# Shetland registration eligibility



## CrescentMinis (Aug 5, 2009)

I think this is going to be a "no" answer, but can't find what I need on the ShetlandMiniatures site....

Have a colt from this year with both parents AMHA/AMHR and sire is also ASPC; colt is 62.5" Arenosa. I am trying to familiarize myself with the shetland rules and world, so please bear with me!

This little guy is already 31" at not quite 4 months, so at this rate I may be lucky if he stays small enough for AMHR. If he outgrows those papers, what can we do with him? Is the shetland registry for 100% shetland horses only? I think I saw a show pony registry; is that more the direction he might fit in?





Ahhhh, I hope this guy slows down on the growth spurt!
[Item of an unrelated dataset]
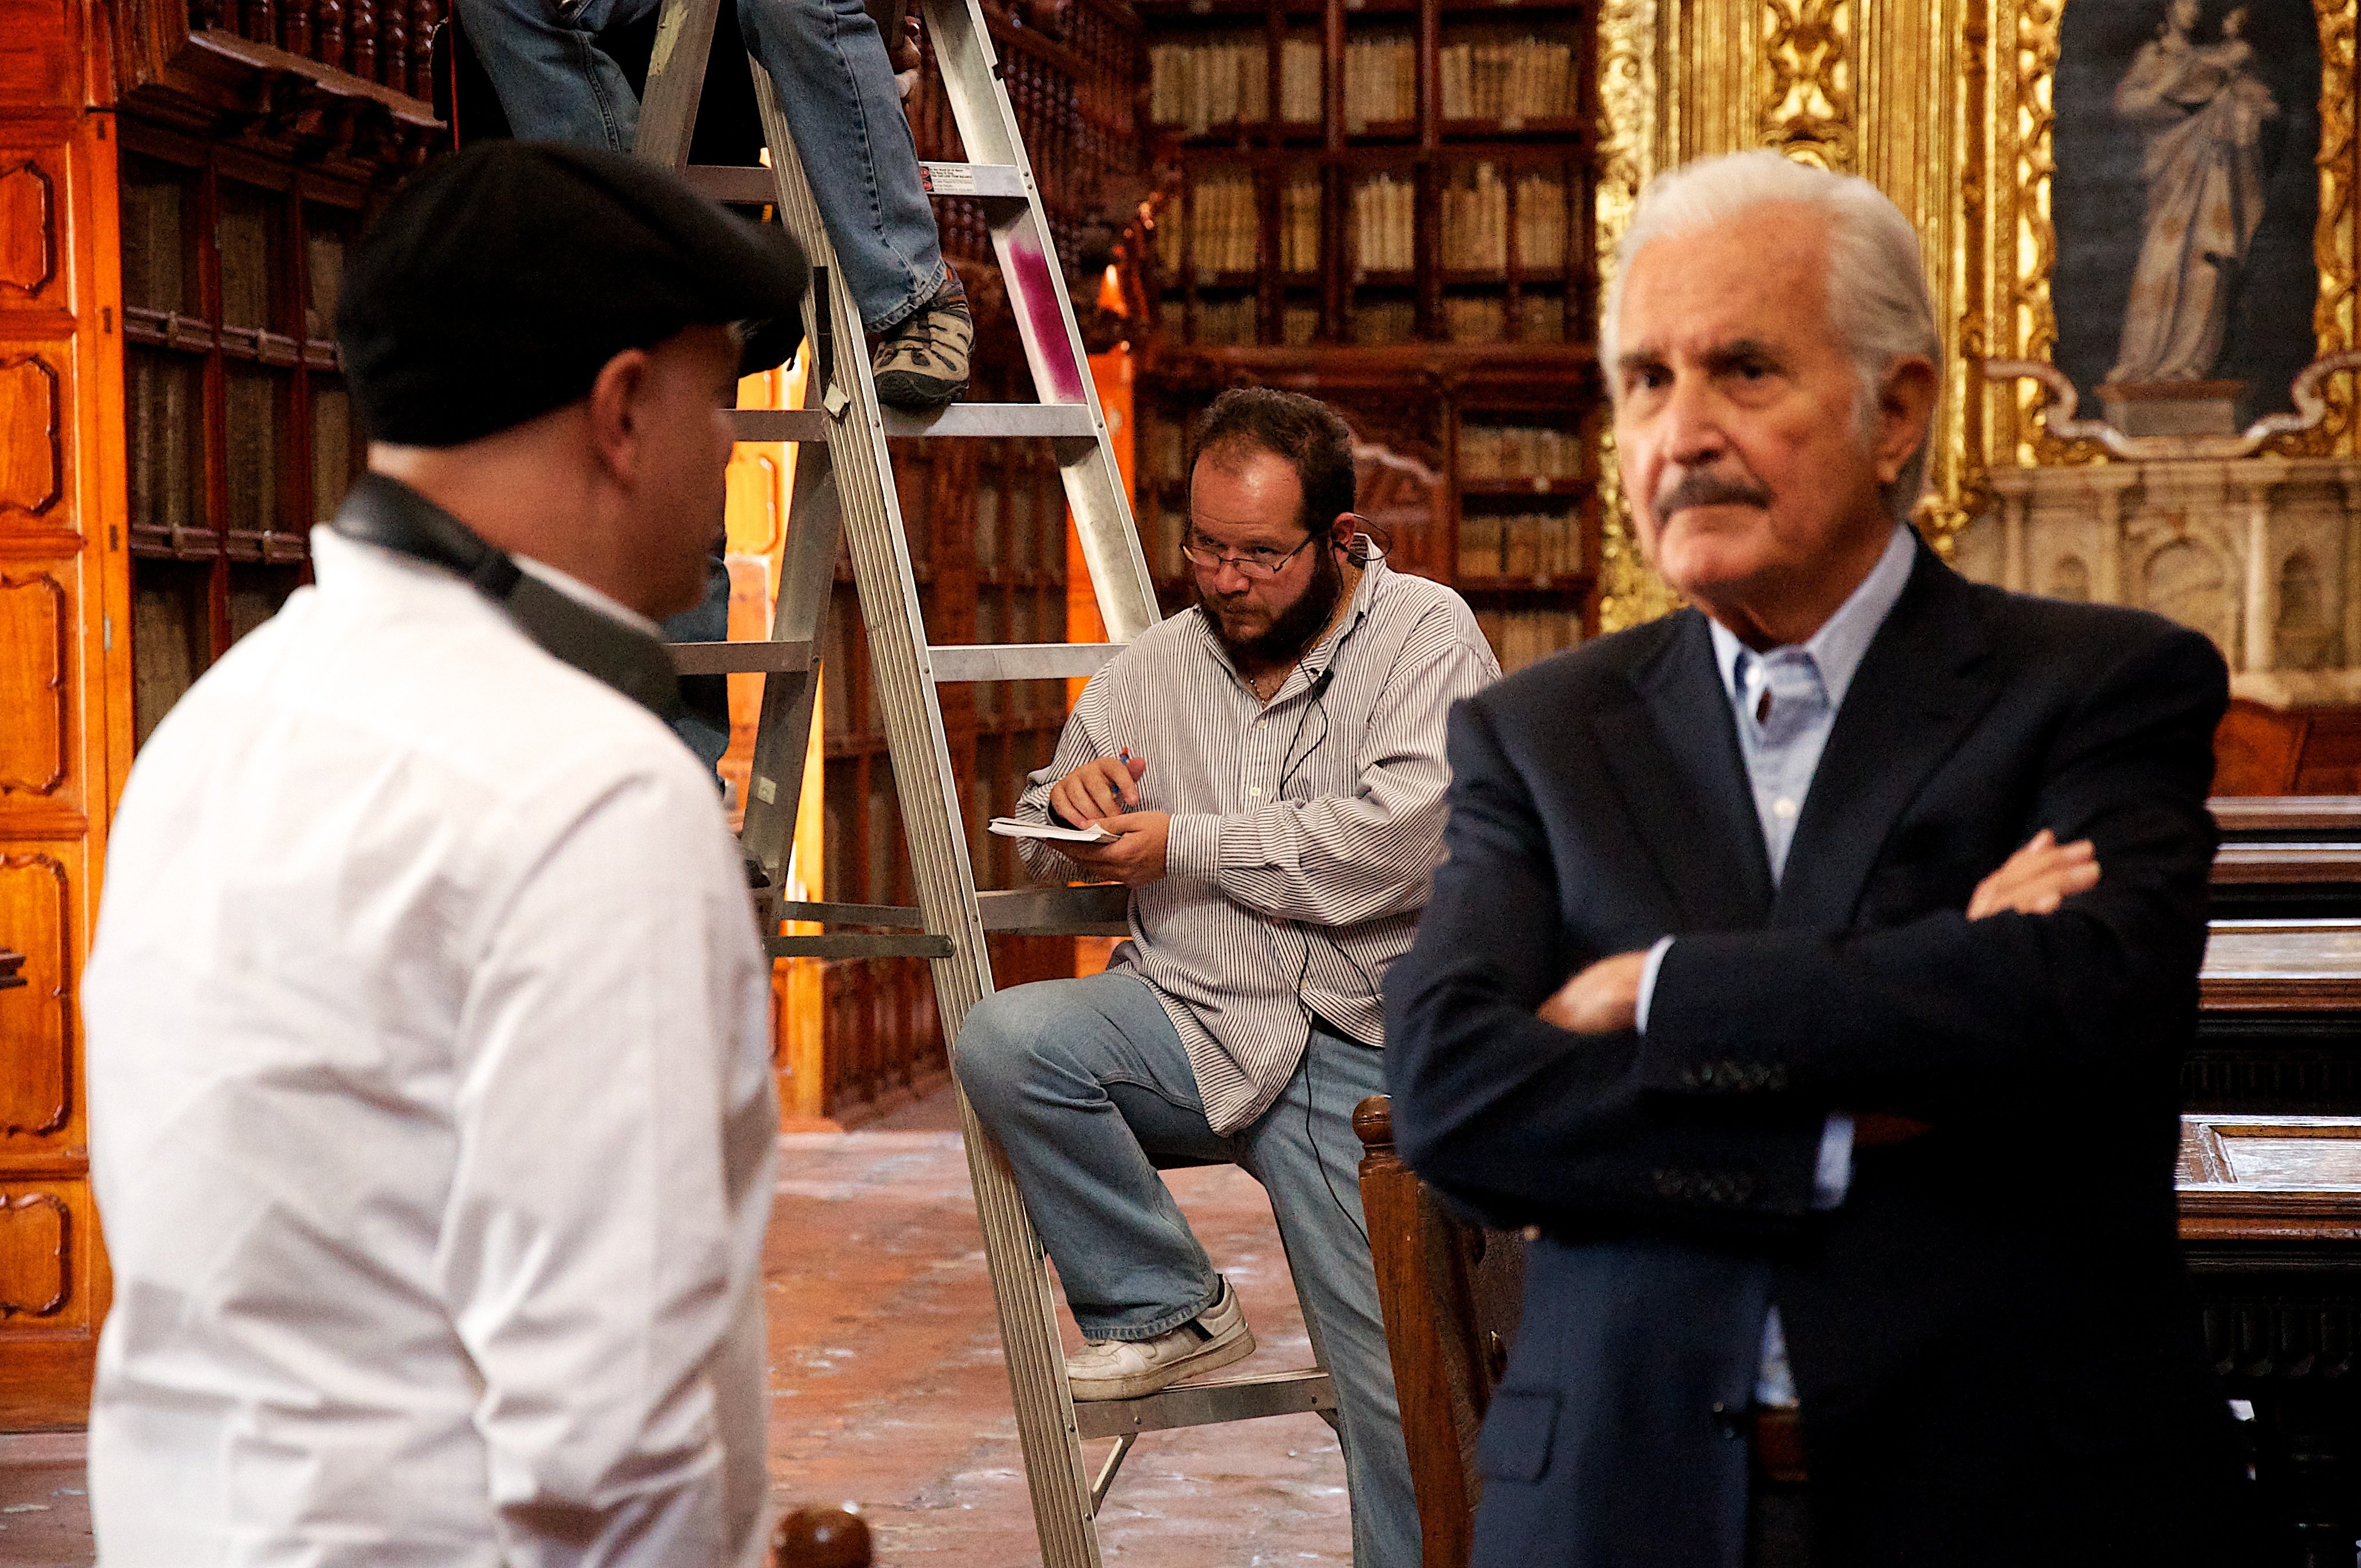 Carlos Fuentes, Alejandro Springall and Arturo Antonio Tay Balderas in Hace 150 años, Crónica de la Batalla de Puebla por Carlos Fuentes (2012)

I have high hopes for him but he needs to stay under 38"!





Thanks in advance for input.


----------



## Field-of-Dreams (Aug 5, 2009)

Unless both parents are registered Shetland, he is not eligible to be registered ASPC. I do believe he can be registered Show Pony, though.

Lucy


----------



## Karen S (Aug 5, 2009)

Hi,

If your foal is from and AMHR x ASPC it can only be registered with the NSPR (NOT SHOW PONY-ASPR). The resulting foal will have to be DNA.

If your foal is by parents who hold both sets of papers ASPC/AMHR x ASPC/AMHR then that foal will automatically get both sets of papers.
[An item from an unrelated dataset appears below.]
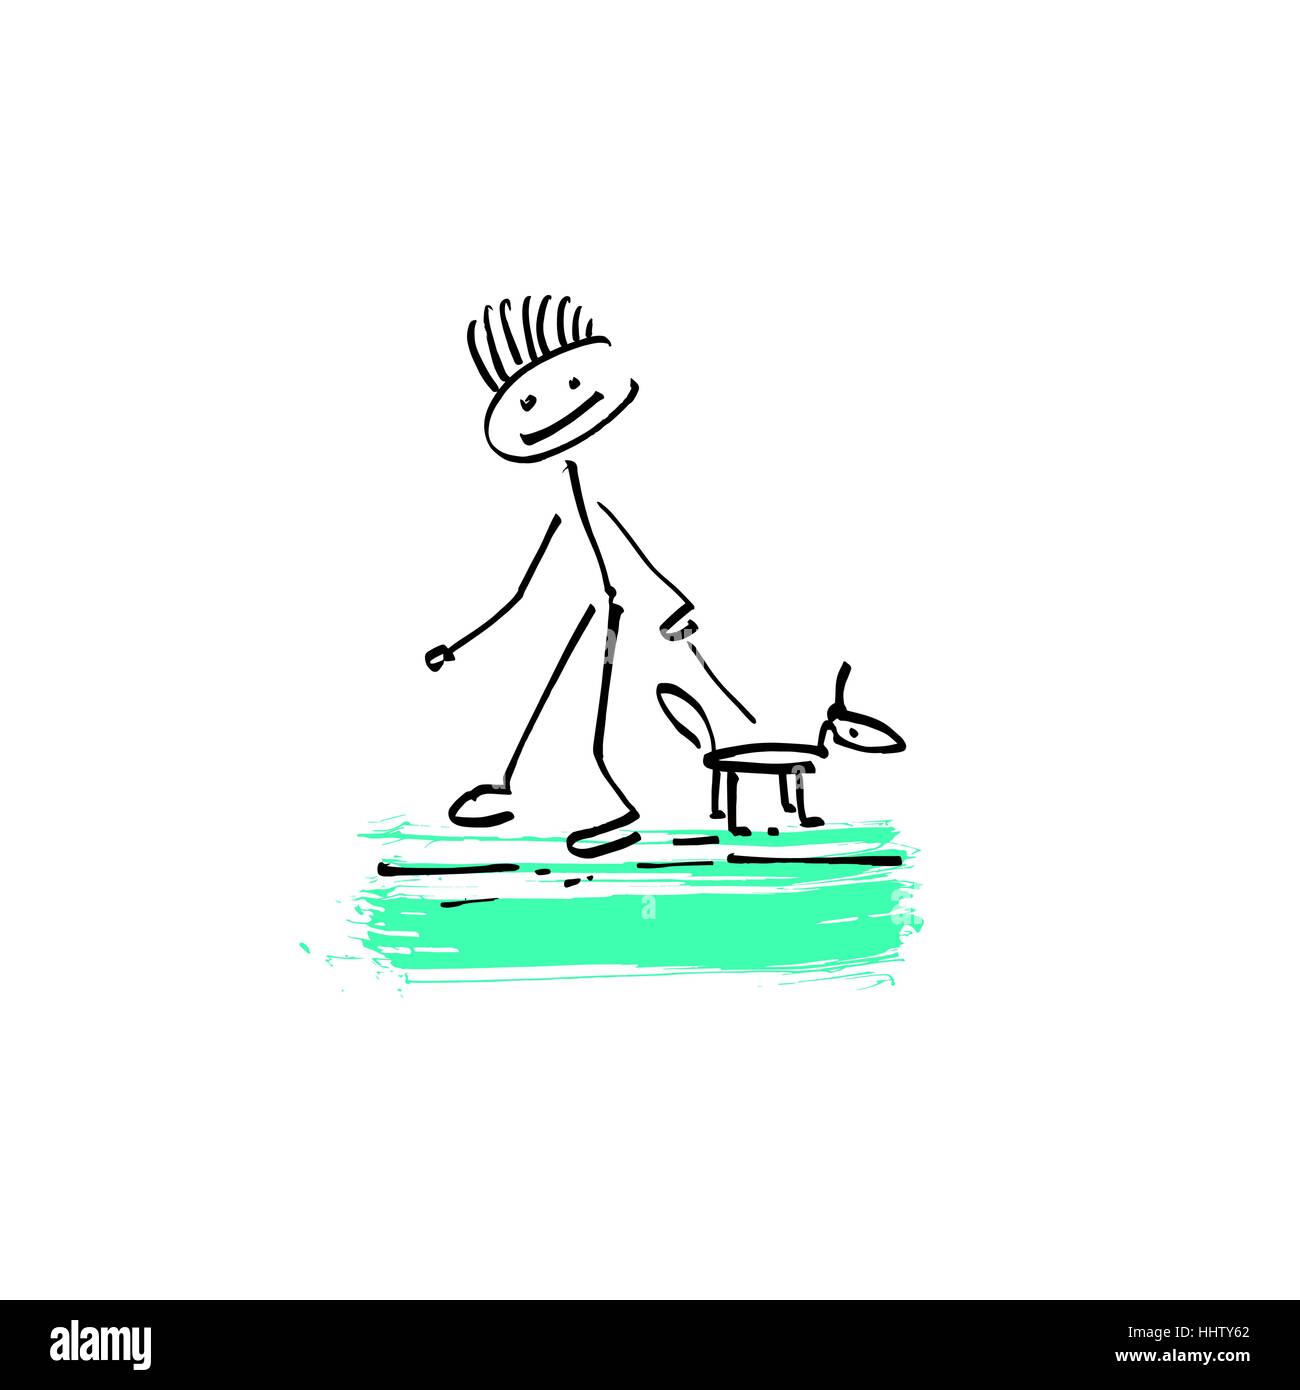 Zeichnung Skizze Doodle menschlichen Strichmännchen Mann zu Fuß mit einem  Hund Stock-Vektorgrafik - Alamy

Here is a copy of my past post on this subject.

Good Morning,

Was asked to post this here as well. There was a discussion on the L'il Begiinning board on the Miniature side. Just some more update to this thread....
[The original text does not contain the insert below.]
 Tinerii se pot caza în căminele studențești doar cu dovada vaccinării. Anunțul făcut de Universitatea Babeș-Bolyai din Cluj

The NSPR (National Show Pony Registry) is a new division of the ASPC/AMHR/ASPR. It was created three years ago for those folks who were breeding their Shetlands to larger ponies to create a pony that a child could step up to before they moved onto a "big" horse.

When the BOD decided that there was a need then they set the parameters for this program....You can have one parent registered AMHR, ASPC, or ASPR. The other parent could be one of the following:

AMHR x ASPC, AMHR x ASPR, ASPC x ASPR, AMHR x ?, ASPC x ?, ASPR x ?. The question could be a registered horse, POA, Welsh, Hackney, etc. I was working with a registered Paint mare who was 14.2 and was breeding her to my Shetland stallion. The requirement of this program was that no NSPR could go over 14.2 in height. This IS NOT a breeding registry but a registry for performance only ponies. All horses involved will be DNA'd.

Since some folks were breeding AMHR to Shetlands this gave them an avenue to put those off type (papered ponies) in a sister registry and not loose their idenity. It never was intended for the smaller horses but will have some anyway. If my registered Paint had her foal my foals registration would show her sire registration and her dam's registration. If only one parent registered and the other a grade pony, then you would have seen one side registered other listed as grade.

The ASPC Congress is where these ponies are to be shown, and any club that wanted to put NSPR classes into their show premiums they can. Most of these classes are Pony Hunter Hack, Pony Western Pleasure and Pony Pleasure Driving.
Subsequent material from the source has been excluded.